• STORED DATA:
::::::
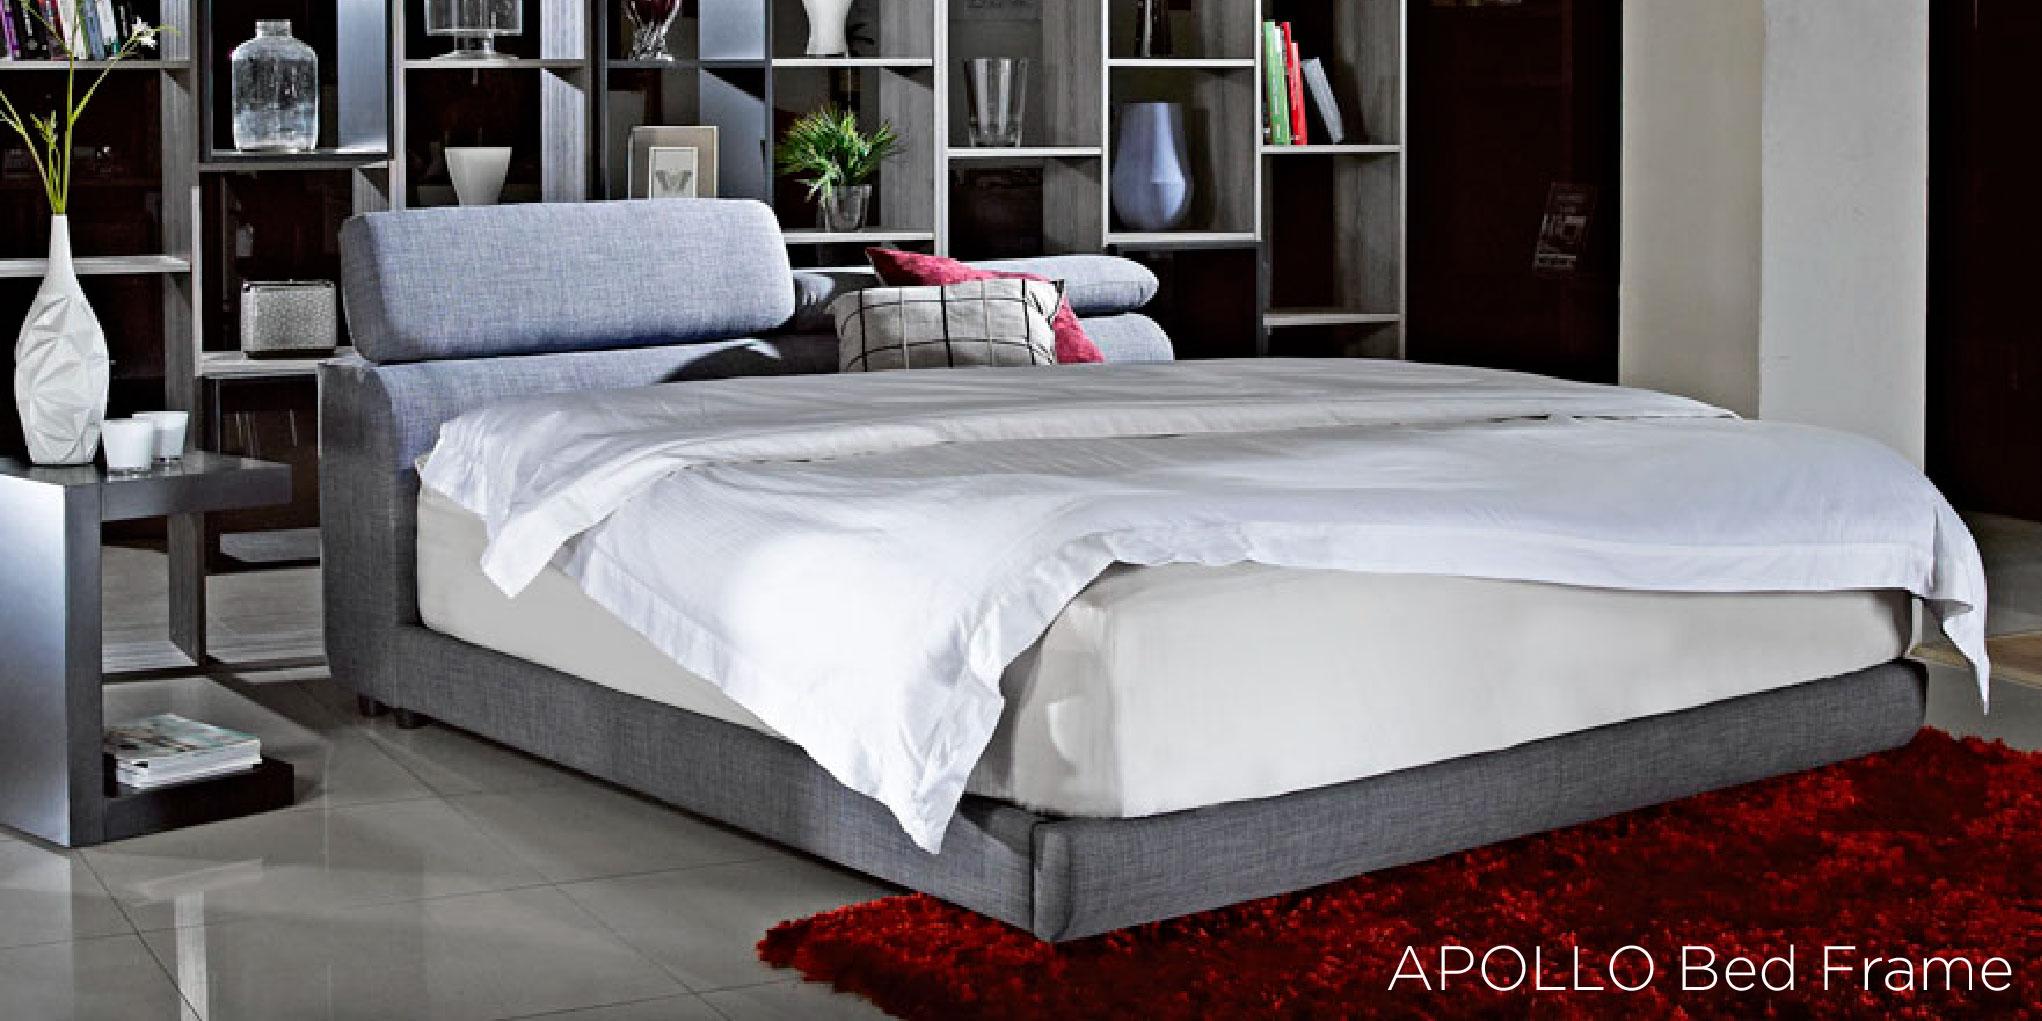 Apollo bed frame 01 01
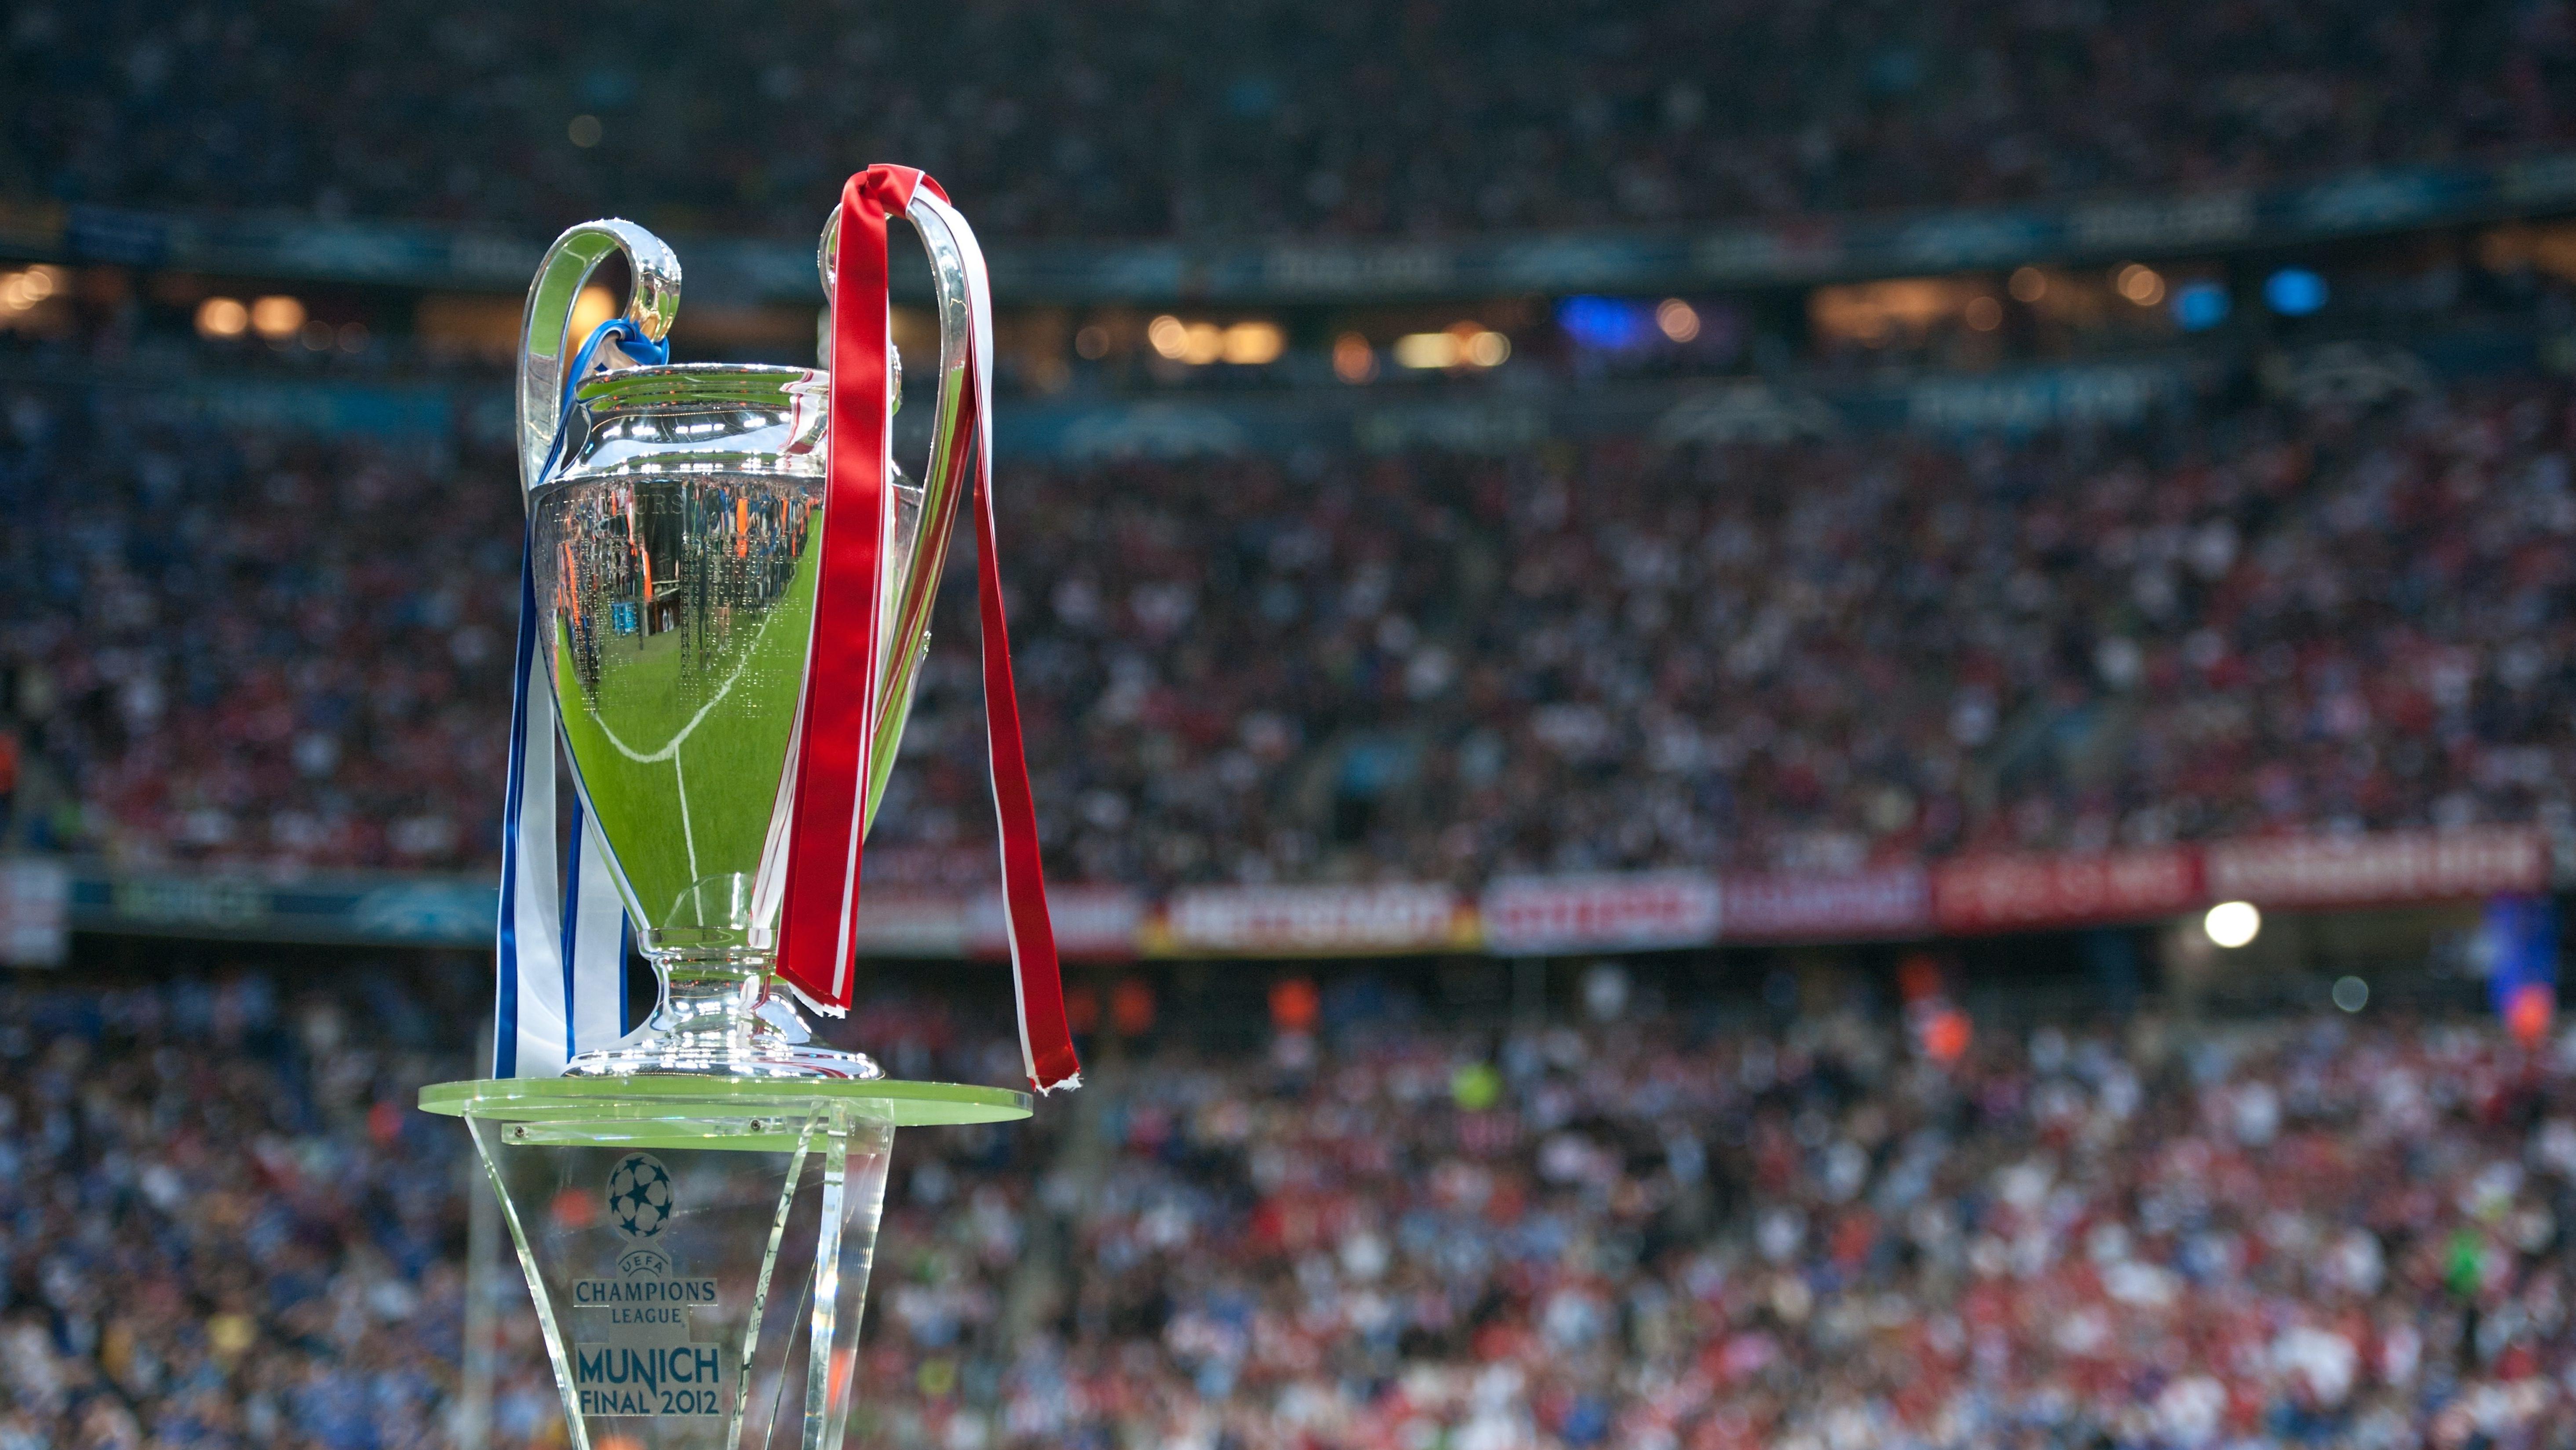 Archiv: Champions League Finale München 2012
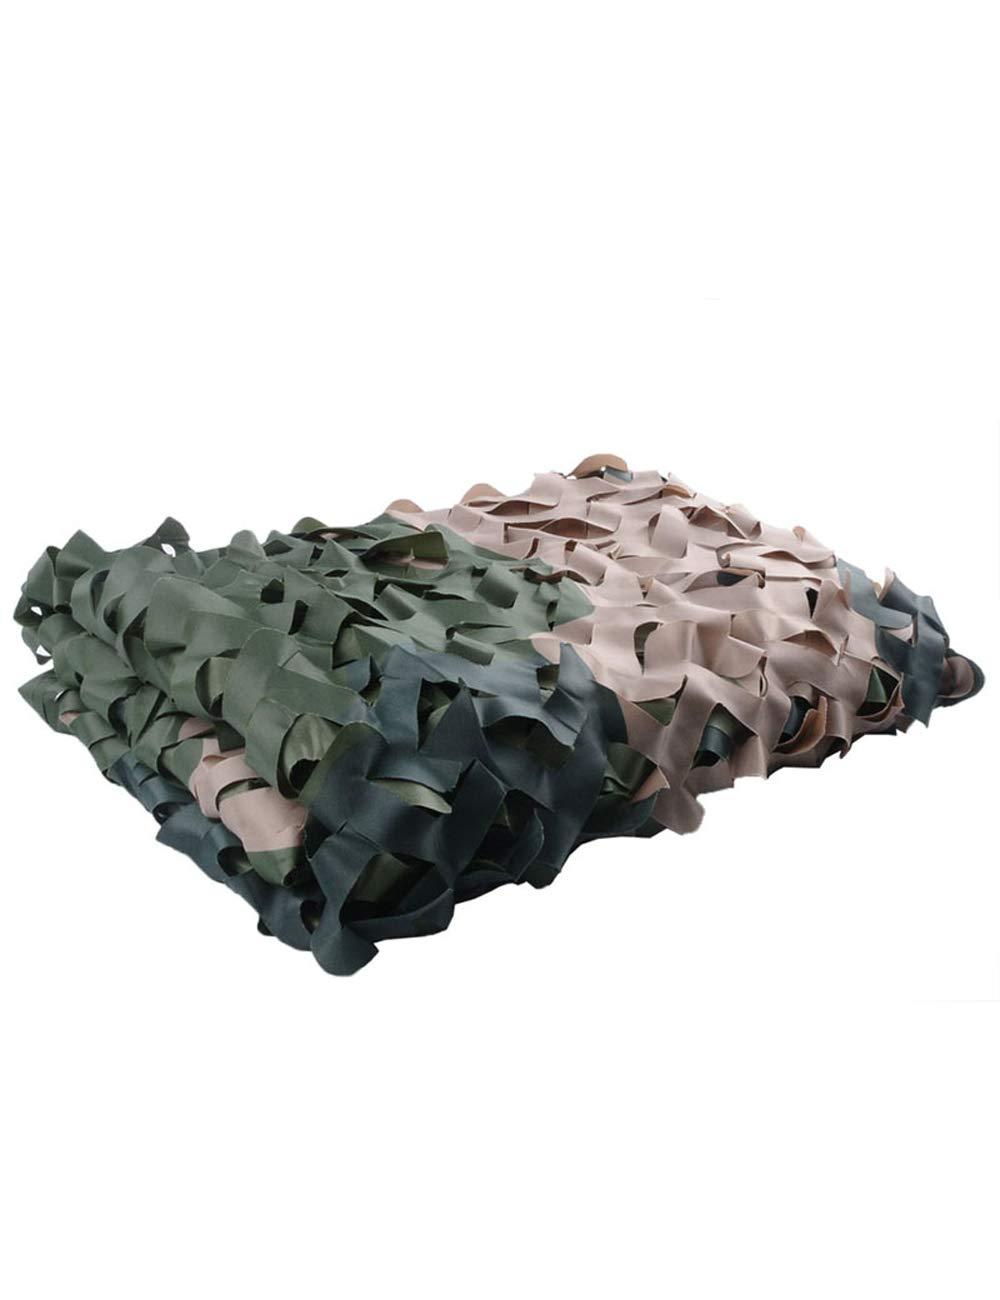 WKHQQ-Filet d'ombrage Filet de Camouflage camouflant, Filet de Camouflage Jungle Tente  55M
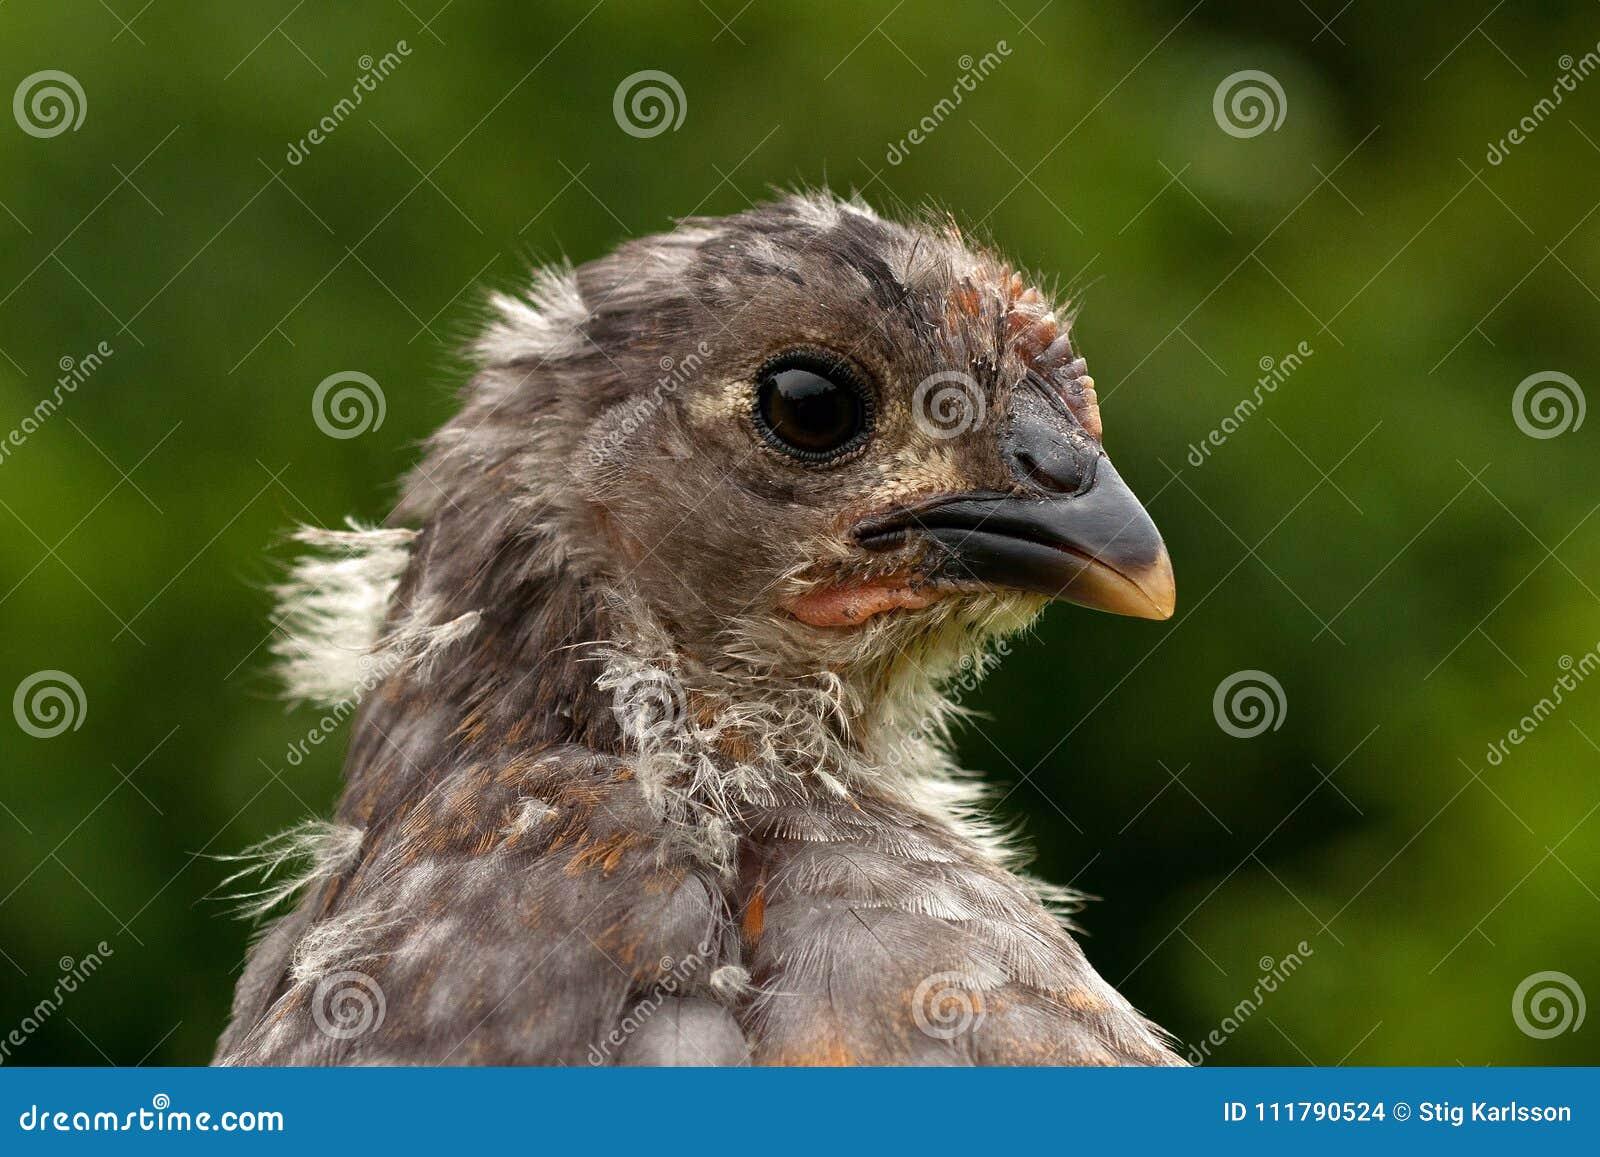 Мужчина цыпленка 4 недель старый, от породы Hedemora в Швеции
::::::
• TASK STATEMENT: Apart from the pictures, all of the data should be repeated exactly.

• TASK RESPONSE:
 Apollo bed frame 01 01
 Archiv: Champions League Finale München 2012
 WKHQQ-Filet d'ombrage Filet de Camouflage camouflant, Filet de Camouflage Jungle Tente  55M
 Мужчина цыпленка 4 недель старый, от породы Hedemora в Швеции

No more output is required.